Accounting information is material if its omission or misstatement would mislead investors. In other words, if there’s a piece of information that investors need to know, then that information is material – it makes a difference.


Information can be material in size or importance. In size, materiality is all about the amount. A large amount of money – relative to the size of the company – is material. A small amount of money – relative to the size of the company – is not material. For example, some companies round their financial statement figures to the nearest thousand dollars (or even million dollars). They state a $500,000 expense  as $500 “in thousands.” These companies do not consider amounts less than a thousand dollars to be material.

Some items may be small in amount, but large in importance and therefore material. For example, suppose that the president of the company had a $500 expense which in dollar amount was not material. What was the expense? She bribed a public official. Since this expense is illegal, it is considered material, even though the amount itself is not material.

Why is materiality important? Because accountants don’t want to overload investors with too much information that would confuse them and distract them from what is most important.

Entrepreneurs need to remember not to sweat the small stuff – focus on that portion of your business that generates the most return, and don’t waste too much time on tasks that add little or no value.

3 thoughts on “Managing Materiality

  1. Greetings Professor and Accountinator and super good accounting teacher that is a most excellent teacher !!!
    I just found your site after looking around for weeks on learning about accounting and bookkeeping. Your site and spreadsheet are very very good. Thanks !!

    If a person is told by someone that the errors in the CPA’s tax return are deminimus does that mean that the client should not worry about it ?
    Is deminumus the same as not material ?
    If the client tells her CPA the numbers on the tax return you prepared for me are different than what I gave you to put on the tax return is that a something the client should be concerned about if her accountant says the numbers are deminimus. Just sign the return so I can file it for you.
    Should the client be content with that CPA or should she start looking for another CPA ?
    If so how should she figure out how to tell if a CPA is the perfect fit for her and her business ?
    Thanks so much,
    P.S. if you want to break this into different articles please go ahead
    I wish you would do a post along the lines of : You know it is time to start looking for a new CPA when and then you fill in the blank .

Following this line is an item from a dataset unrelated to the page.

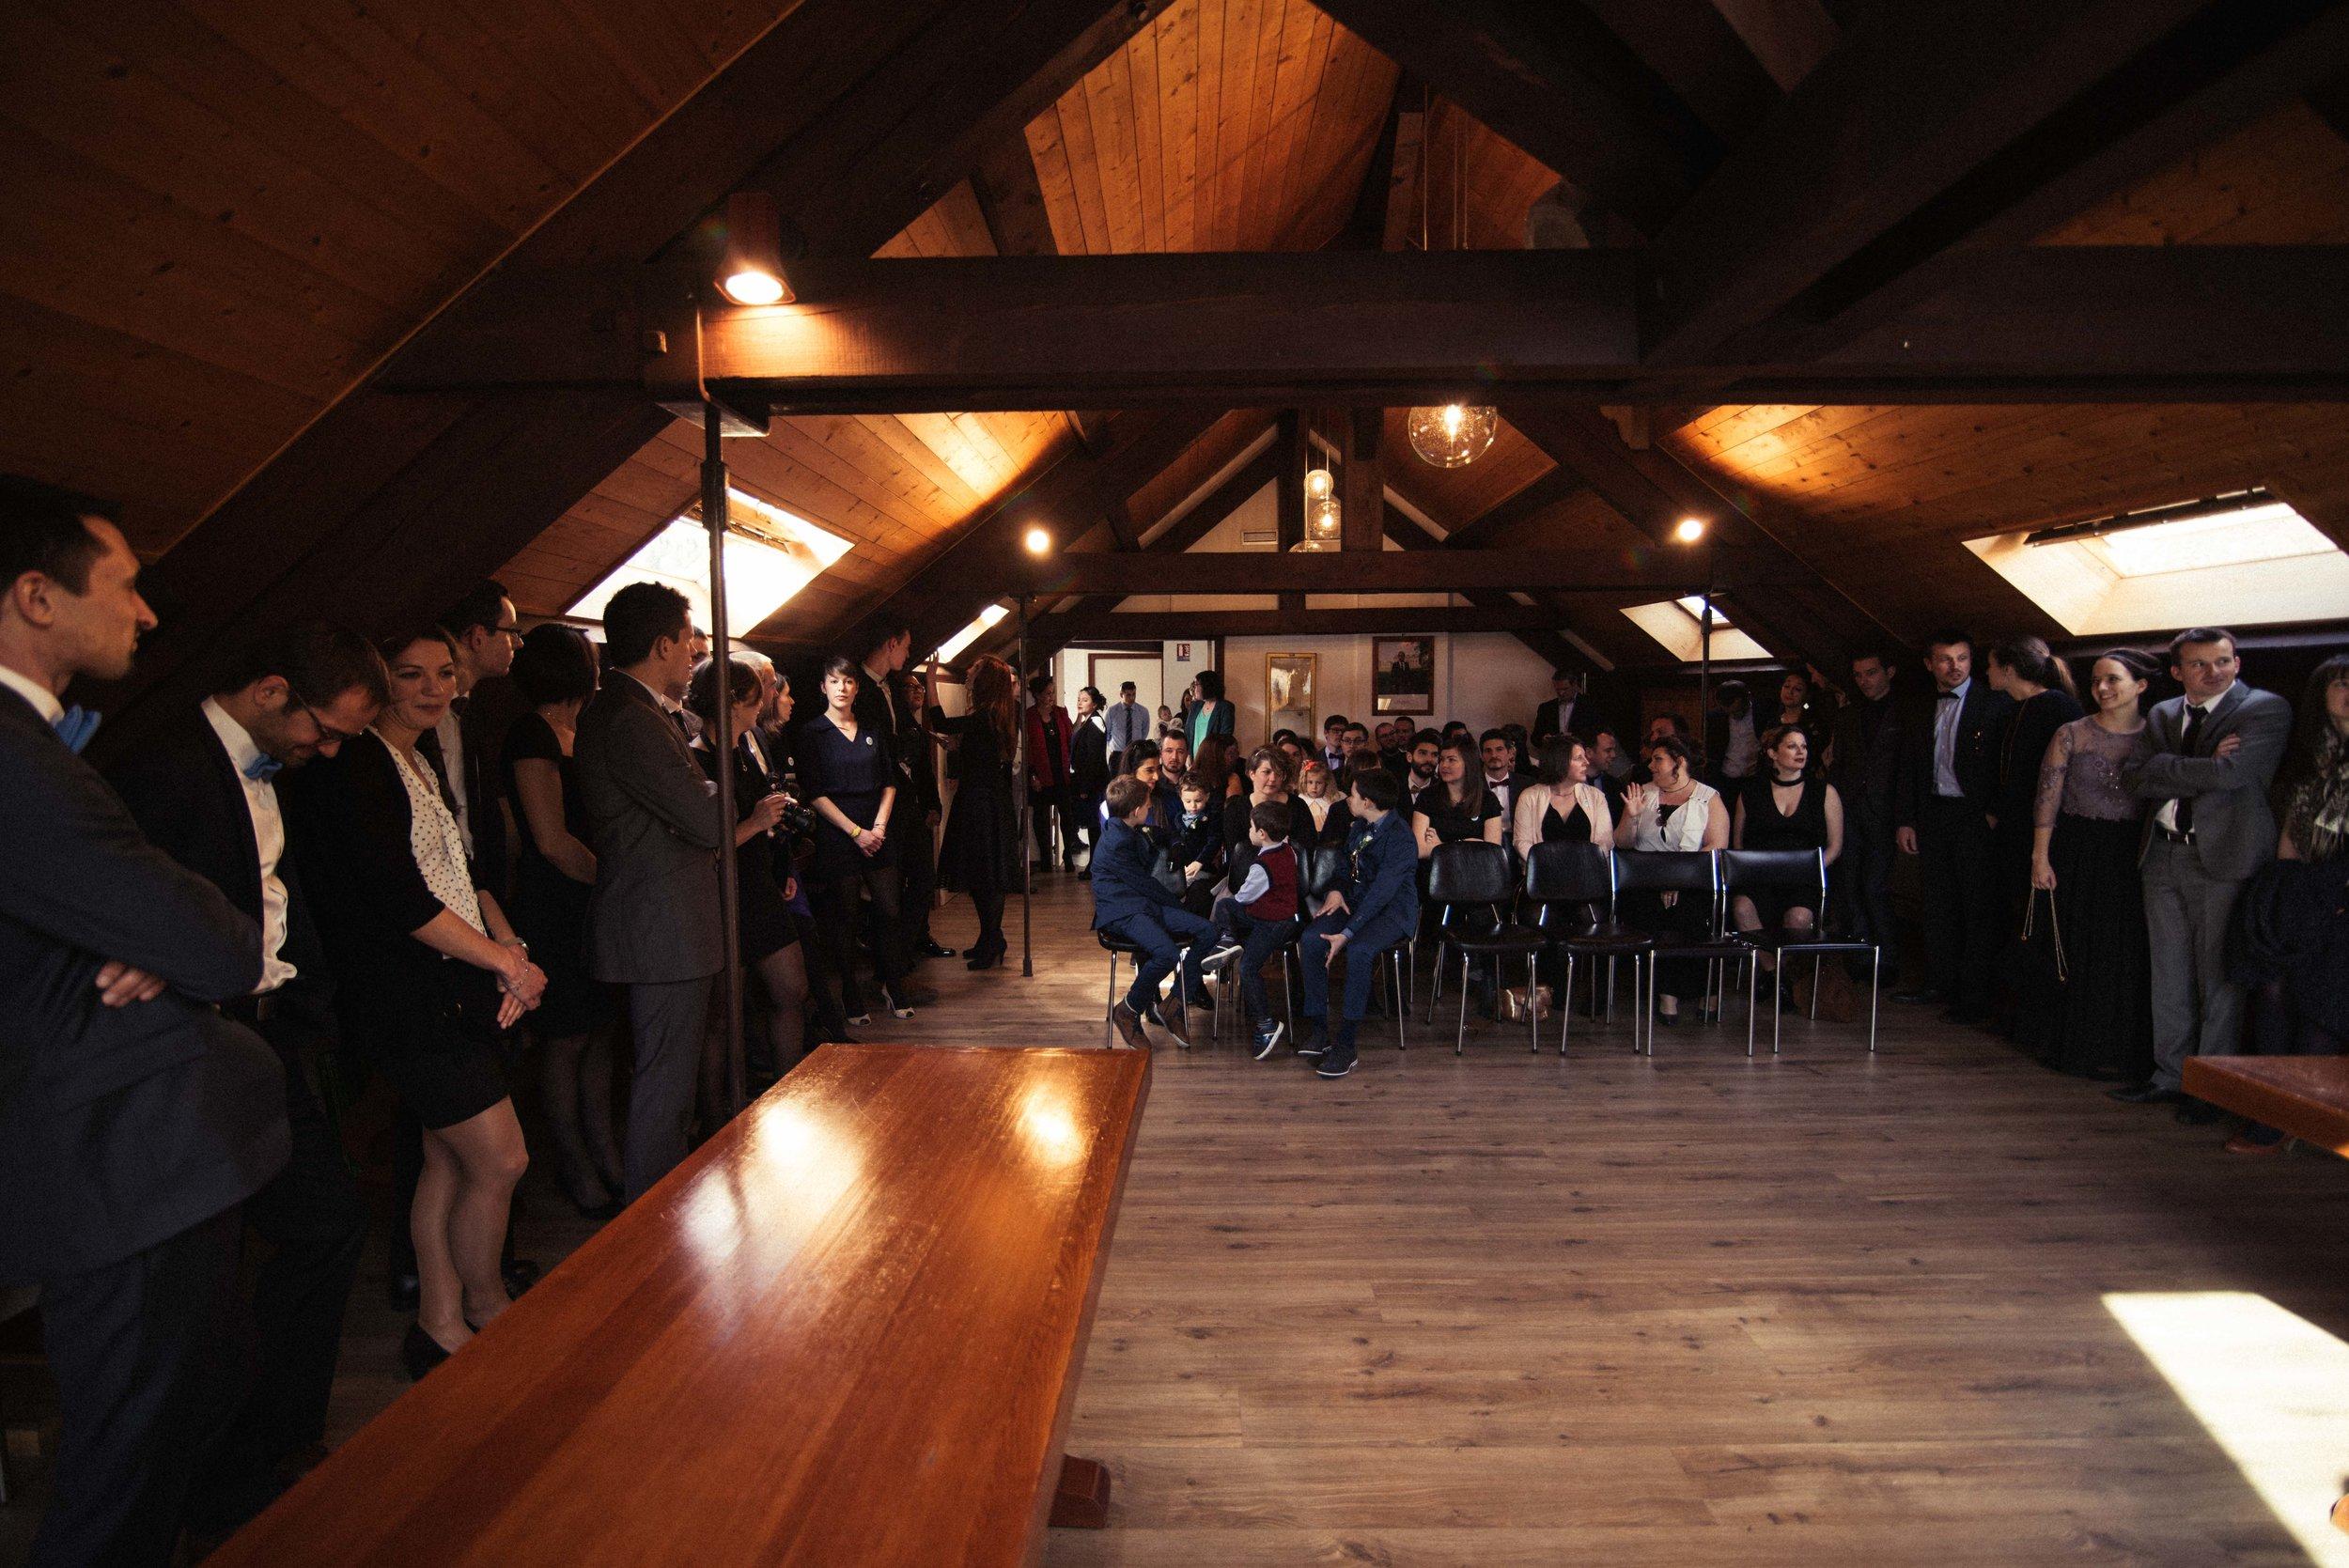 Léa-Fery-photographe-professionnel-lyon-rhone-alpes-portrait-mariage-couple-amour-lovesession-engagement-elopment-2166.jpg

    Here is one. You know it is time for you to start looking for a new CPA when he ask you if can he sleep on your couch for a few days because his mother kicked him out of the basement.
    when he says he is thinking about quitting being a CPA because if he had it to do over he would have chosen a different job.
    when he wants to borrow your car keys.
    when he wants to borrow some money from one of his clients.
    when he files for an extension for you without asking you if you want him to.
    when he gets arrested for shoplifting pencils and paper clips
    when he gets arrested for embezzelment
    when the board of registration in his state revokes his license.
    when he ask you if he can borrow your adding machine
    when he asks you if you mind if he only works 1 day a week, even though he said he had to file an extension for you because he is too busy to get to you.
    when he says, what is a Health Savings Account ?
    when he ask you to buy an insurance policy from him that pays him more money and does not hold him “accountable” if he messes up your tax return !!

    Please keep on keeping on !! I will tell lots of people about your great site.